__Dataset content__

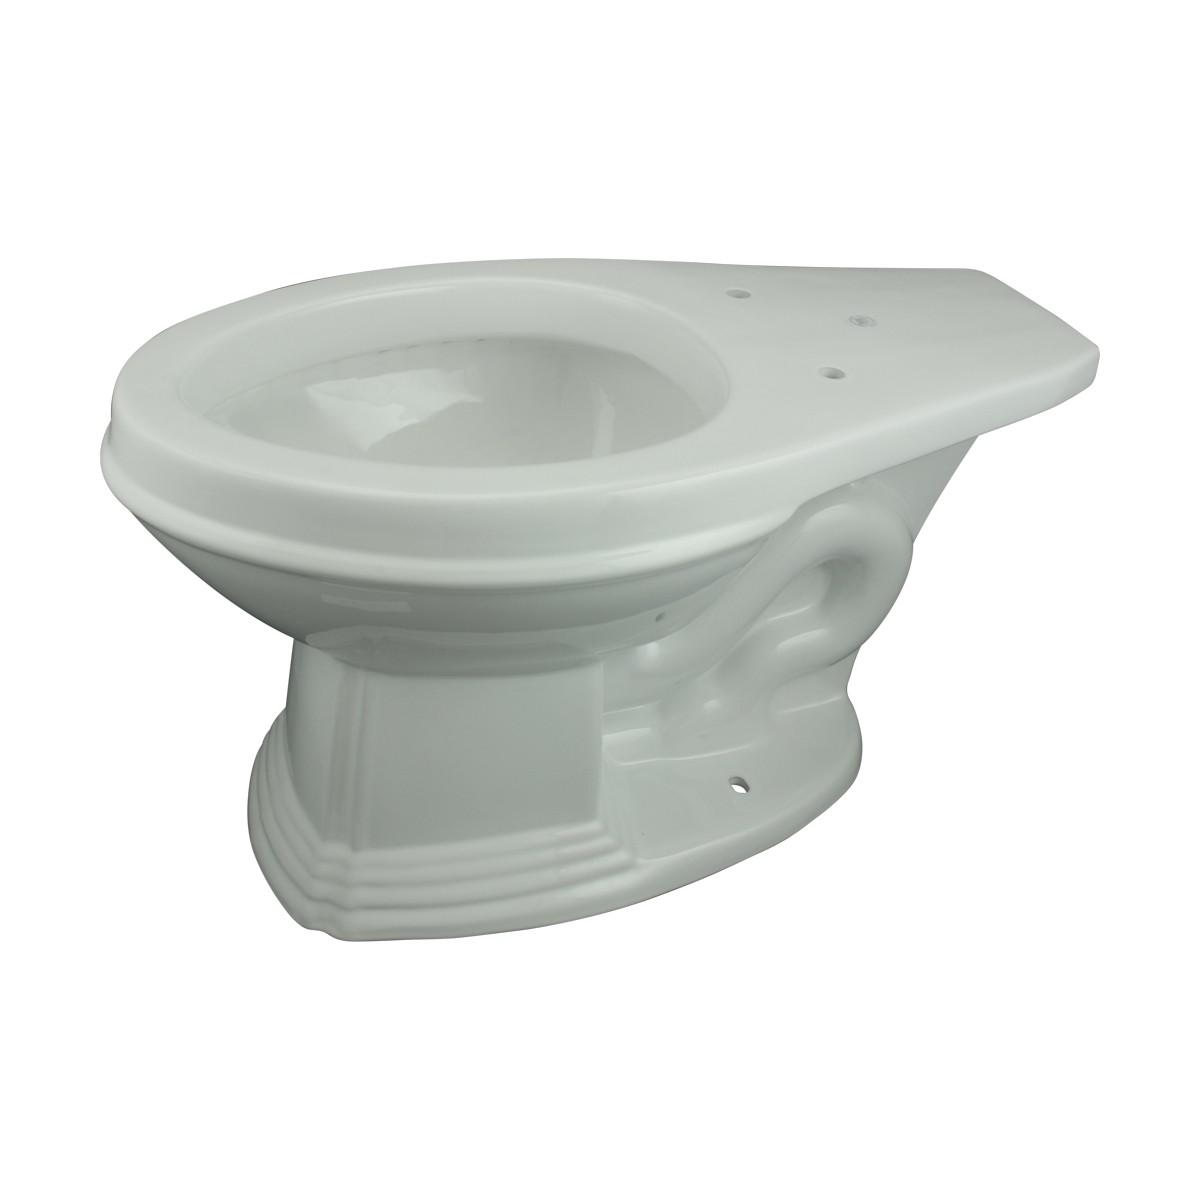 Mahogany High Tank Pull Chain Toilet With White Elongated Toilet Bowl High Tank Pull Chain Toilets High Tank Toilet with Elongated Bowl Old Fashioned Toilet
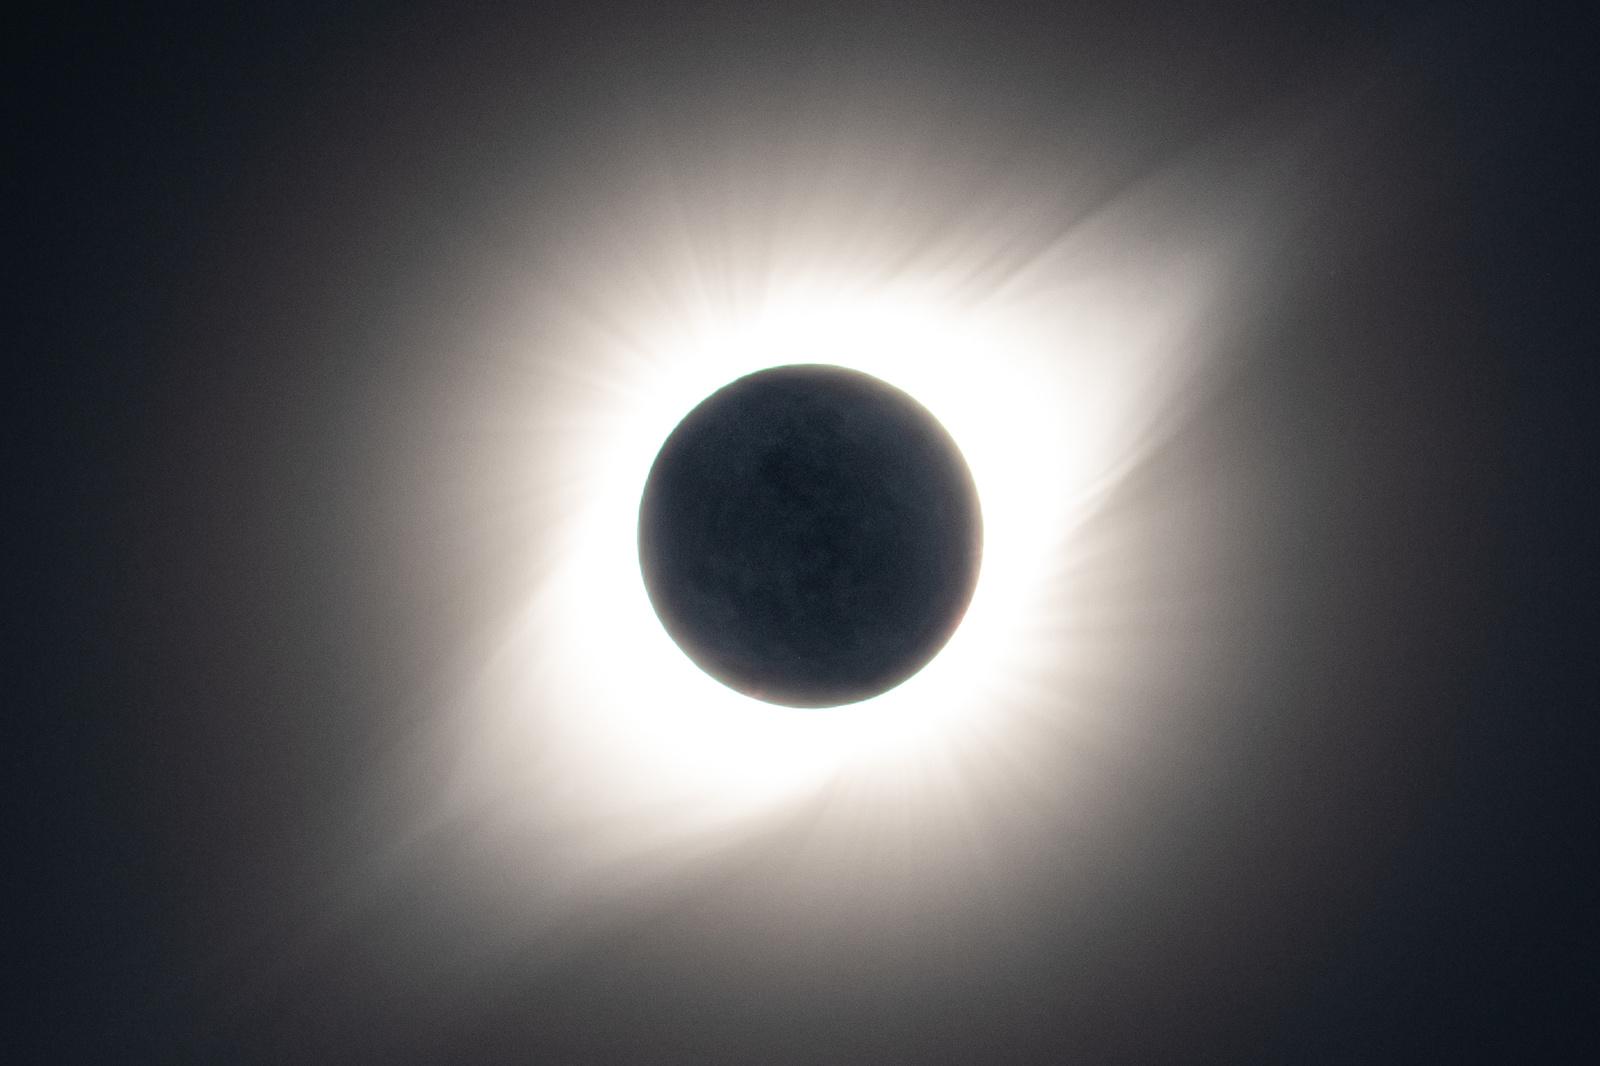 _MGL8504-earthshine.thumb.jpg.4fd96dd3427014817fbe5ad7afd46b20.jpg
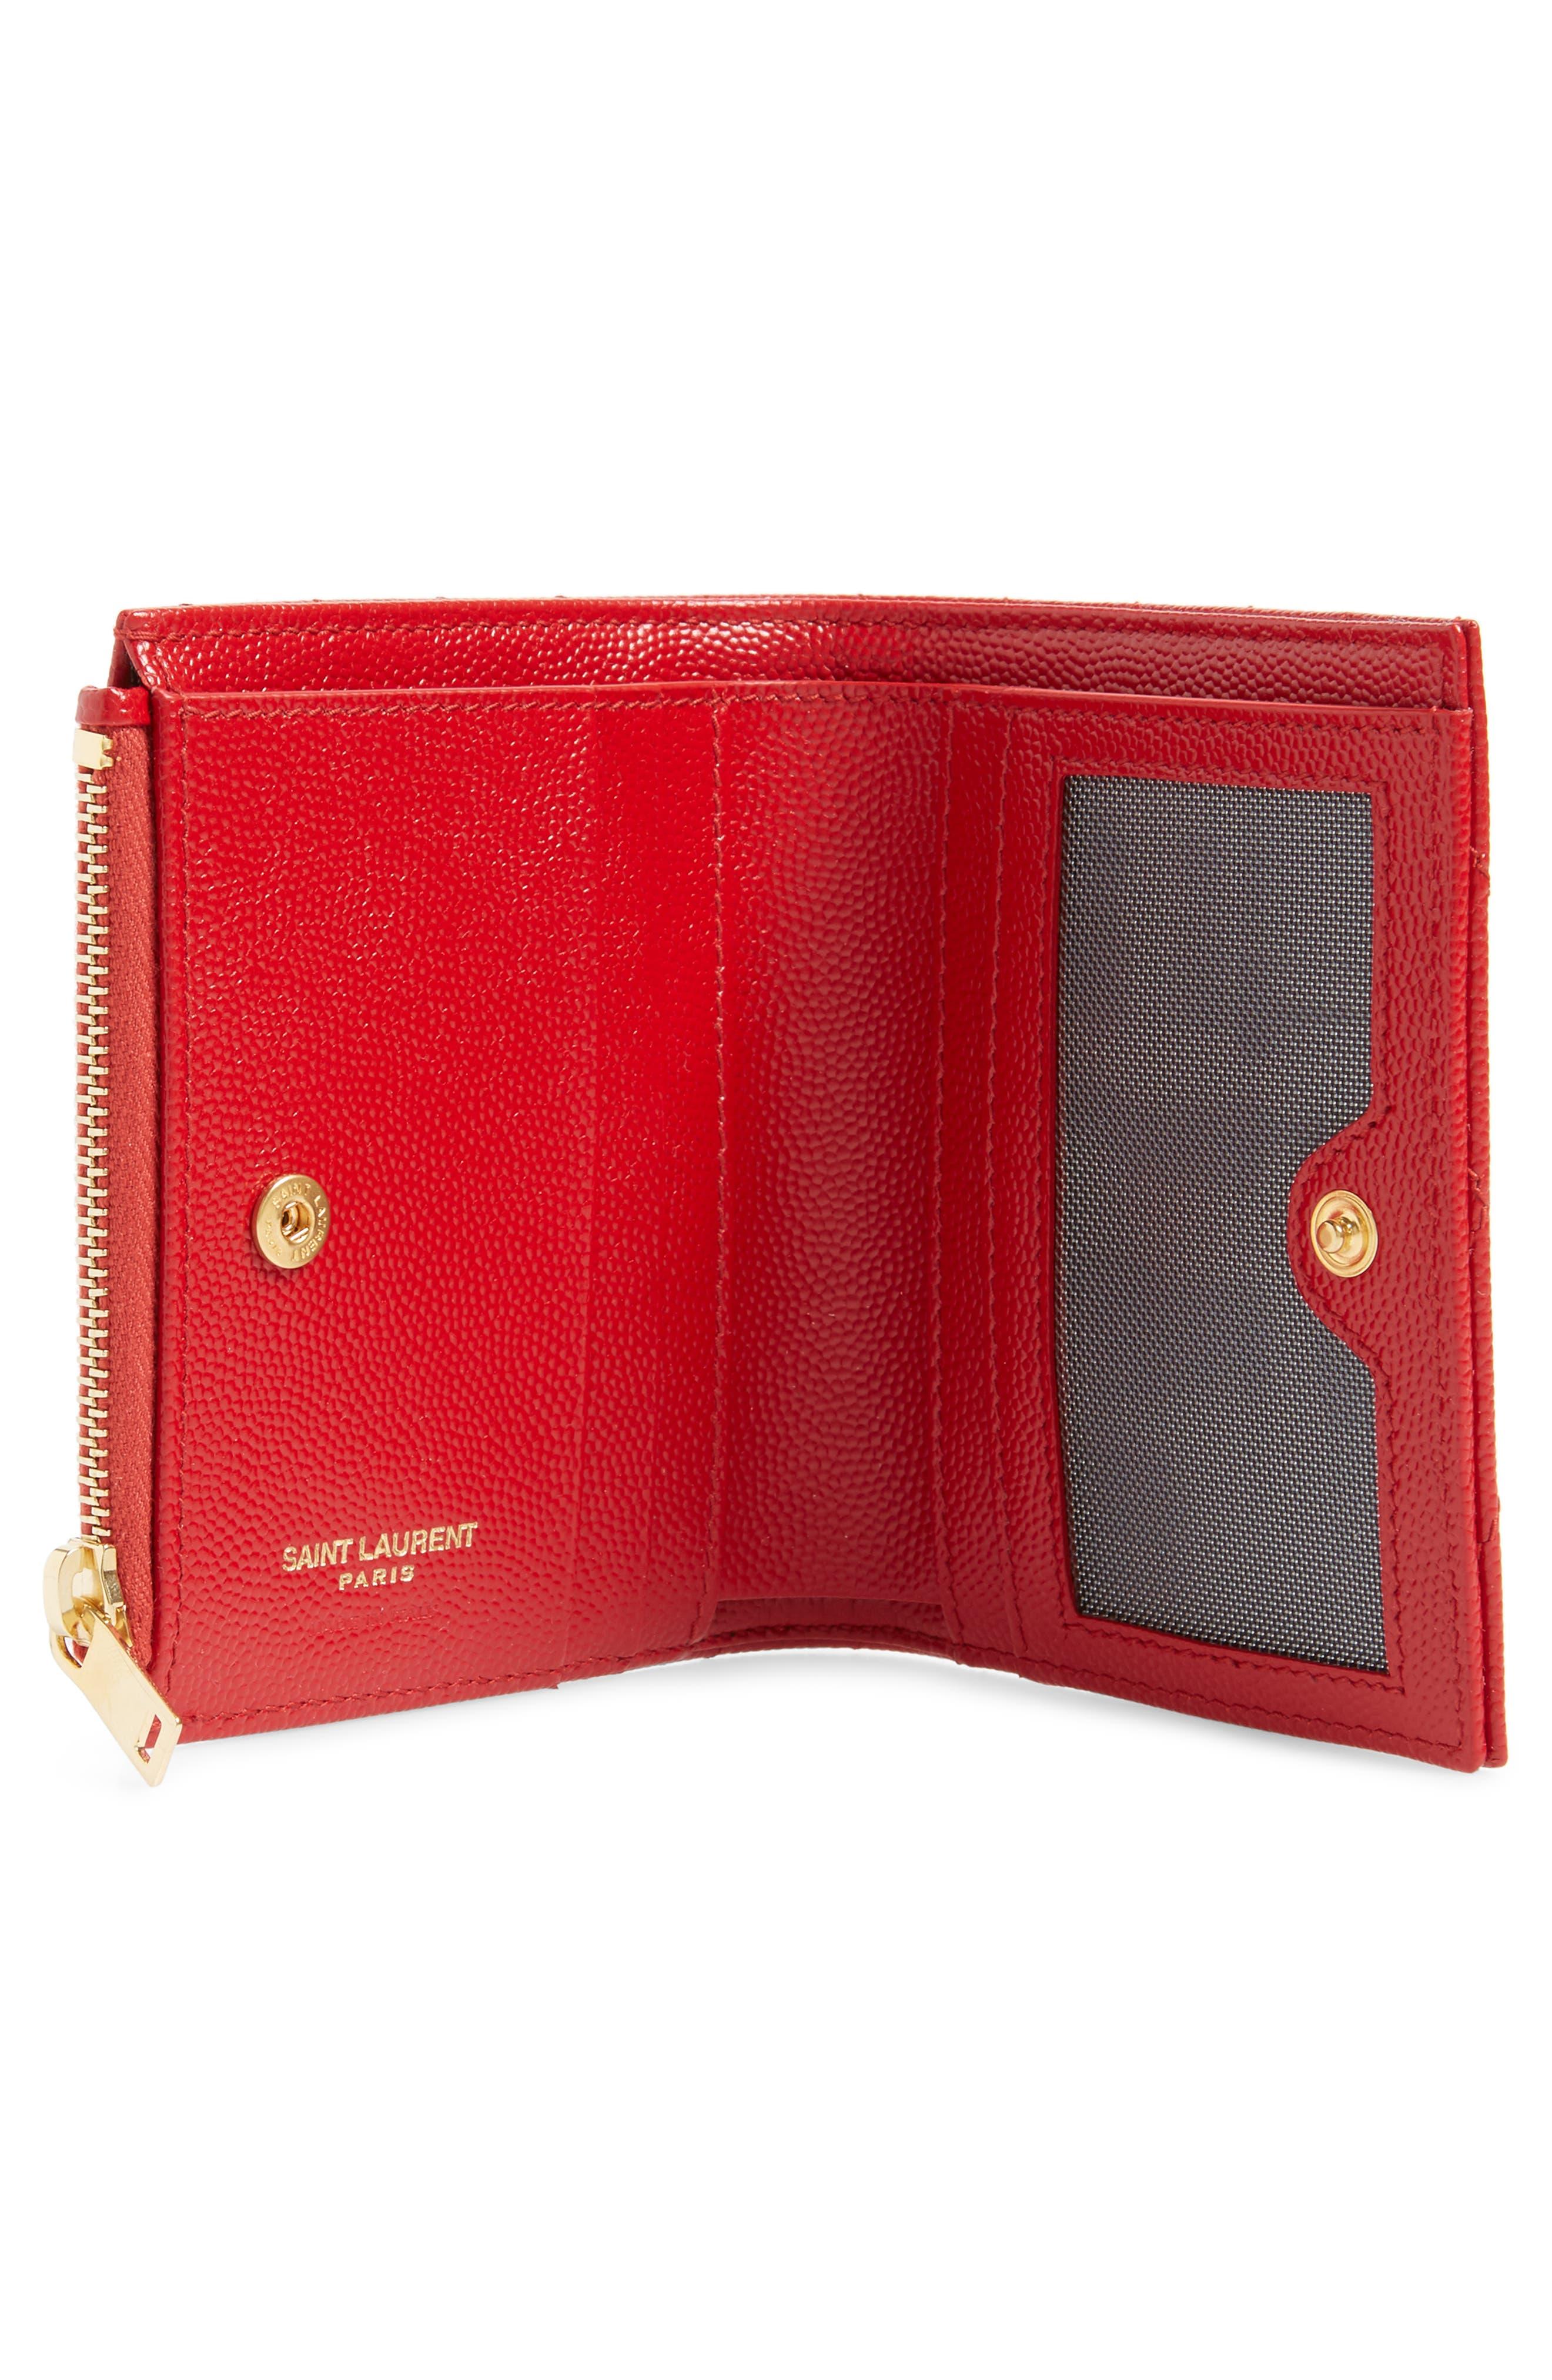 Monogram Leather Card Case,                             Alternate thumbnail 2, color,                             BANDANA RED

__Work instruction__
Output the whole listing again, exactly, without its pictures.

__Exercise answer__
 Mahogany High Tank Pull Chain Toilet With White Elongated Toilet Bowl High Tank Pull Chain Toilets High Tank Toilet with Elongated Bowl Old Fashioned Toilet
 _MGL8504-earthshine.thumb.jpg.4fd96dd3427014817fbe5ad7afd46b20.jpg
 Monogram Leather Card Case,                             Alternate thumbnail 2, color,                             BANDANA RED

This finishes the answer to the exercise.